Variable name in data to calculate ALE.

data

Matrix or data.frame.

breaks

Bin breaks.

right

Should bins be right-closed? The default is TRUE. (No effect if g is provided.)

pred_fun

Prediction function, by default stats::predict. The function takes three arguments (names irrelevant): object, data, and ....

trafo

How should predictions be transformed? A function or NULL (default). Examples are log (to switch to link scale) or exp (to switch from link scale to the original scale). Applied after which_pred.

which_pred

If the predictions are multivariate: which column to pick (integer or column name). By default NULL (picks last column). Applied before trafo.

bin_size

Maximal number of observations used per bin. If there are more observations in a bin, bin_size indices are randomly sampled. The default is 200.

w

Optional vector with case weights.

g

For internal use. The result of as.factor(findInterval(...)).
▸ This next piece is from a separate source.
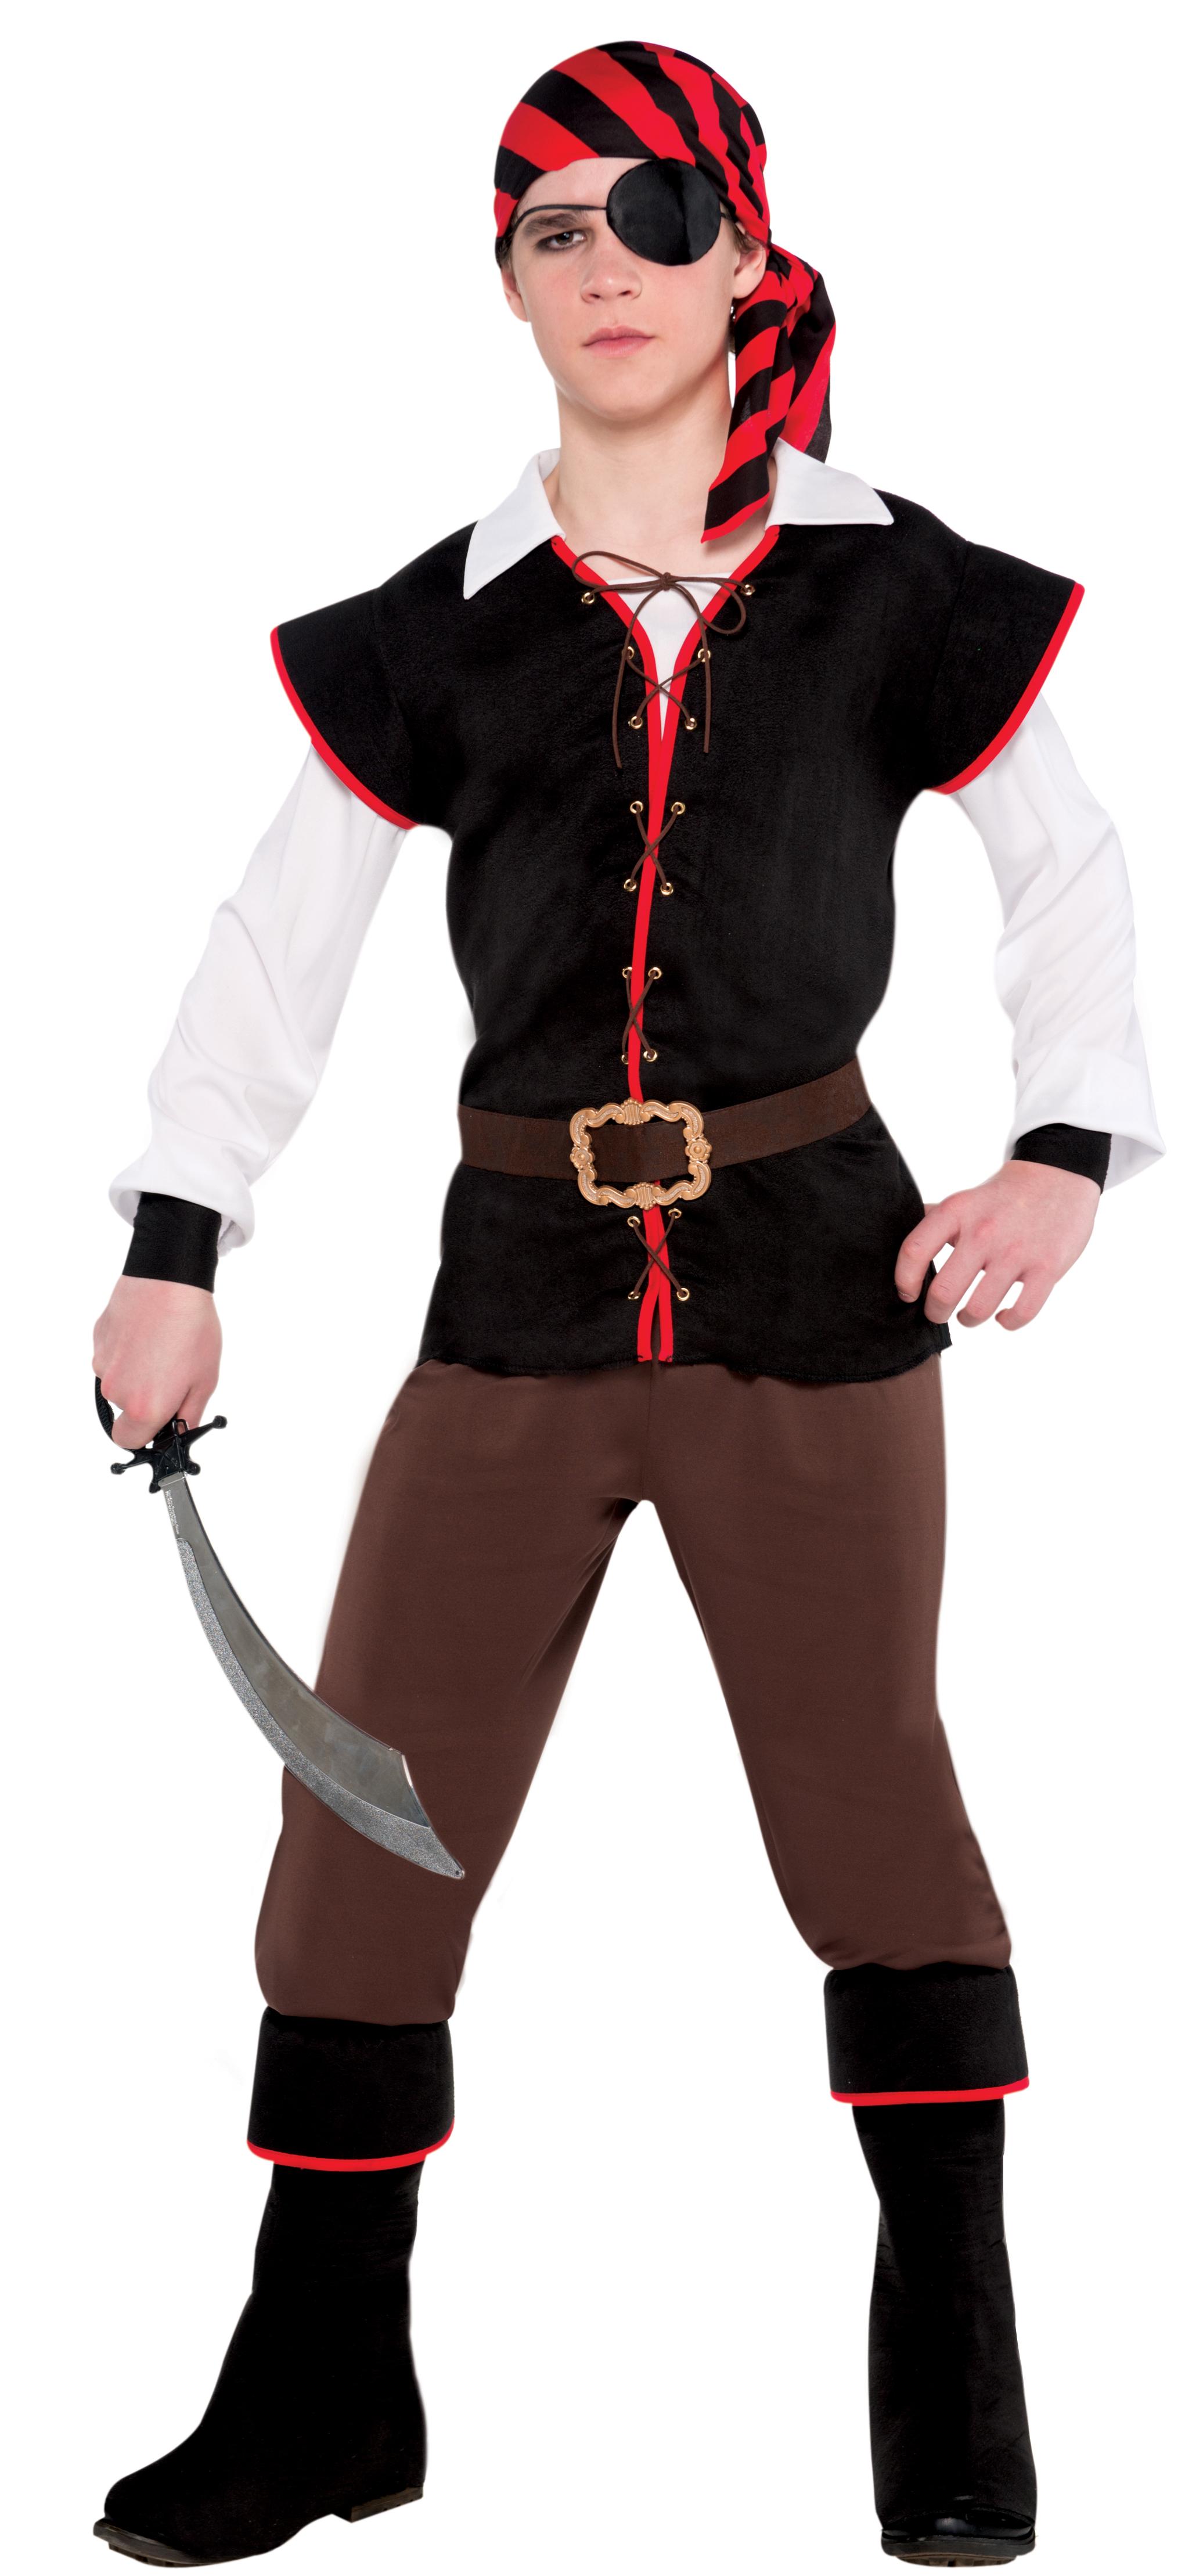 ab6362cd38b4 Boys Rebel of the Sea Costume
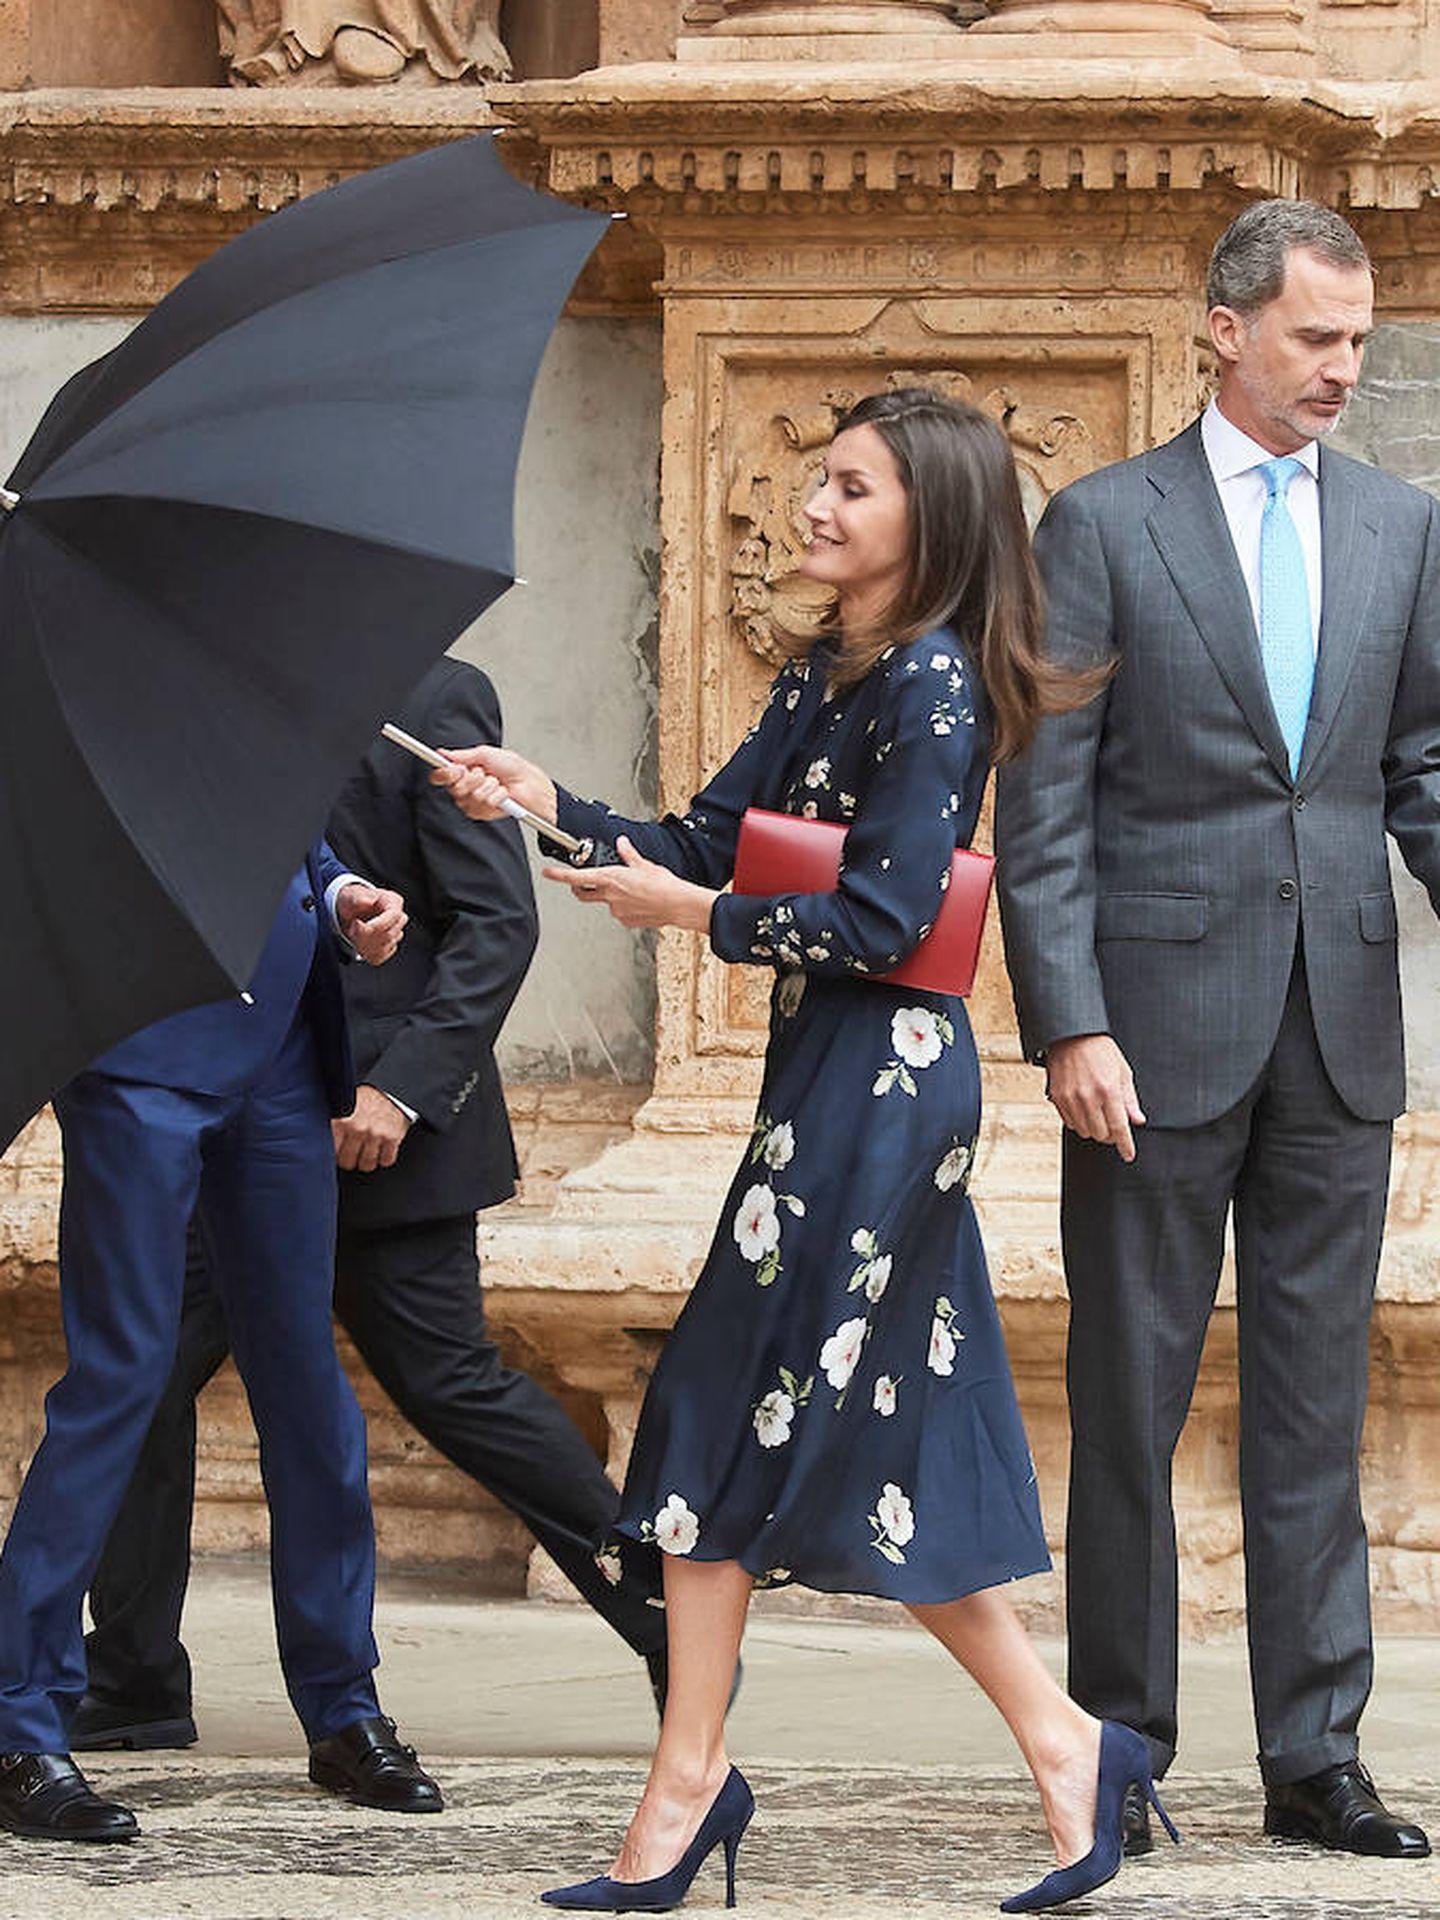 La Reina abre el paraguas para resguardarse de la lluvia. (Limited Pictures)

By default NULL.

...

Further arguments passed to pred_fun(), e.g., type = "response" in a glm() or (typically) prob = TRUE in classification models.

Value

Vector representing one ALE per bin.

References

Apley, Daniel W., and Jingyu Zhu. 2020. Visualizing the Effects of Predictor Variables in Black Box Supervised Learning Models. Journal of the Royal Statistical Society Series B: Statistical Methodology, 82 (4): 1059–1086. doi:10.1111/rssb.12377.

Examples

fit <- lm(Sepal.Length ~ ., data = iris)
v <- "Sepal.Width"
.ale(fit, v, data = iris, breaks = seq(2, 4, length.out = 5))
#> [1] 0.2479445 0.4958889 0.7438334 0.9917779